2014.02/19 パーコレーション転移(10)
数多くの測定データをA先生にお見せしたところ、単純に静電容量が効いている結果ではないか、といわれた。さっそく直流抵抗とコンデンサーの組み合わせモデルを使った数値シミュレーションを行おう、ということになった。
1次元のモデルでは、抵抗とコンデンサーの数が問題になる。この総数をNとし抵抗の数をnとすればコンデンサーは(N-n)となる。そしてその配置を工夫すると一本の回路は容易に数式化できる。これがNとおりあるとして、Nを無限大にすると式が完成する。
完成した式について解くとシミュレーションが完成する。
おもしろいのはこの程度の雑なシミュレーションで実験結果をうまく説明できたのだ。三次元抵抗分布のシミュレーターを開発していたので同様の方法で抵抗とコンデンサー二元系のシミュレーションを行わなければいけないのか、と心配していたが、技術の理解なのでこの程度で良い。
このシミュレーション結果を用いてコンデンサー成分を大きくしてゆくと低周波数領域の周波数の異常分散が大きくなる現象を説明できた。すなわち、導電性微粒子の距離が小さくなってゆくと導電性粒子間で形成される静電容量は大きくなり、低周波数になればなるほど大きなインピーダンスとなる。
一方このような現象の場合に直流で表面比抵抗を計測すると抵抗は下がってゆく。

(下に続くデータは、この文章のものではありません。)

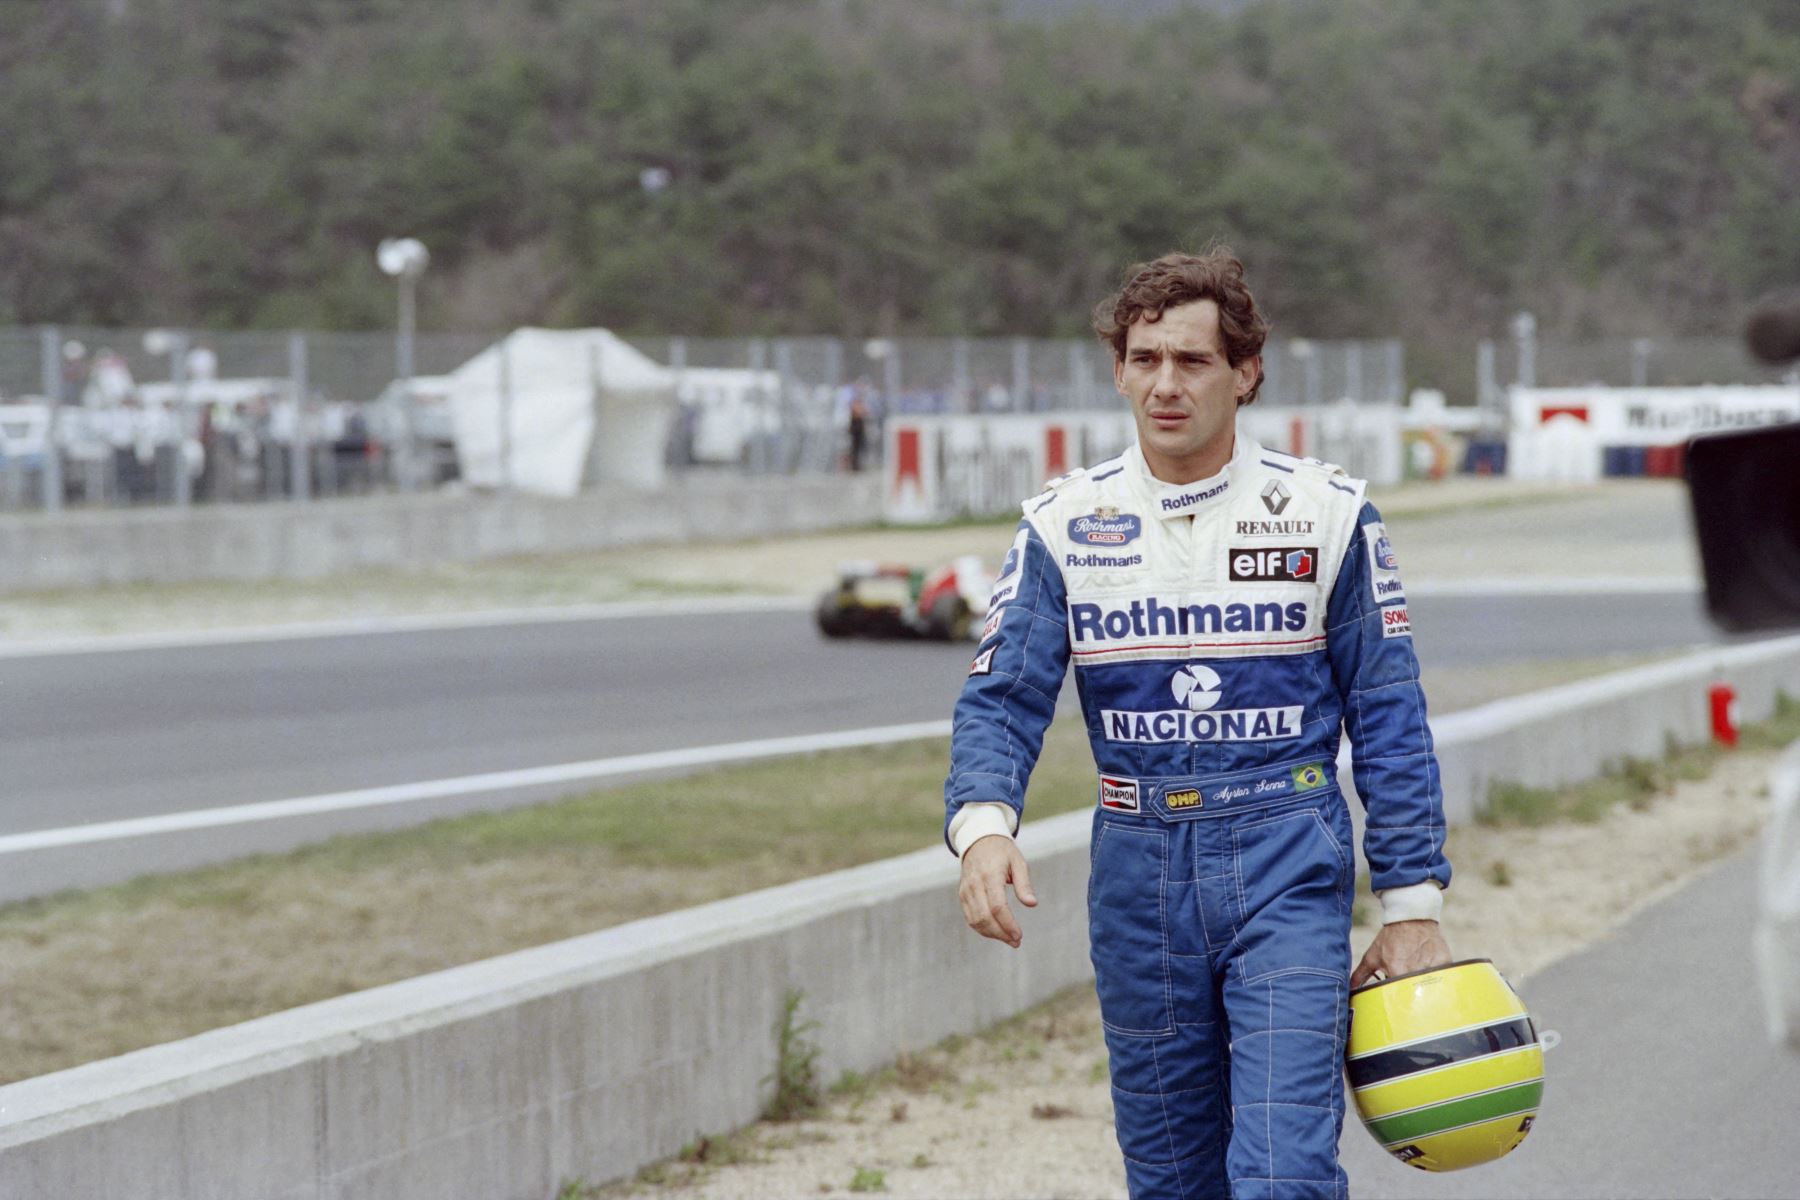 El piloto brasileño de Fórmula Uno Ayrton Senna cruza la pista de regreso a boxes el 17 de abril de 1994. Senna perdió el control de su Williams Renault en la primera curva del Gran Premio del Pacífico en Aida.
Foto: AFP

すなわち導電性粒子の抵抗は変化しなくとも、クラスターが形成されると静電容量が大きくなって低周波数になればなるほどインピーダンスが上がるという現象が起きることになる。
数値シミュレーションの結果から周波数のインピーダンス依存性を調べた多数のデータはパーコレーションでクラスターが形成される過程を調べた結果であることが分かった。
この結果から、帯電防止材が異なると、すなわち導電性材料の抵抗が異なると表面比抵抗の値が同じでも100Hz以下のインピーダンスが異なる現象が生じることも理解できた。また、同一材料でもクラスターが小さいならば表面比抵抗が同一でも100Hz以下のインピーダンスが異なることも推定できた。すなわち100Hz以下のインピーダンス変化をみれば、同じ帯電防止材料を使用しているときのパーコレーション変化をうまくモニターすることが可能となる。(続く)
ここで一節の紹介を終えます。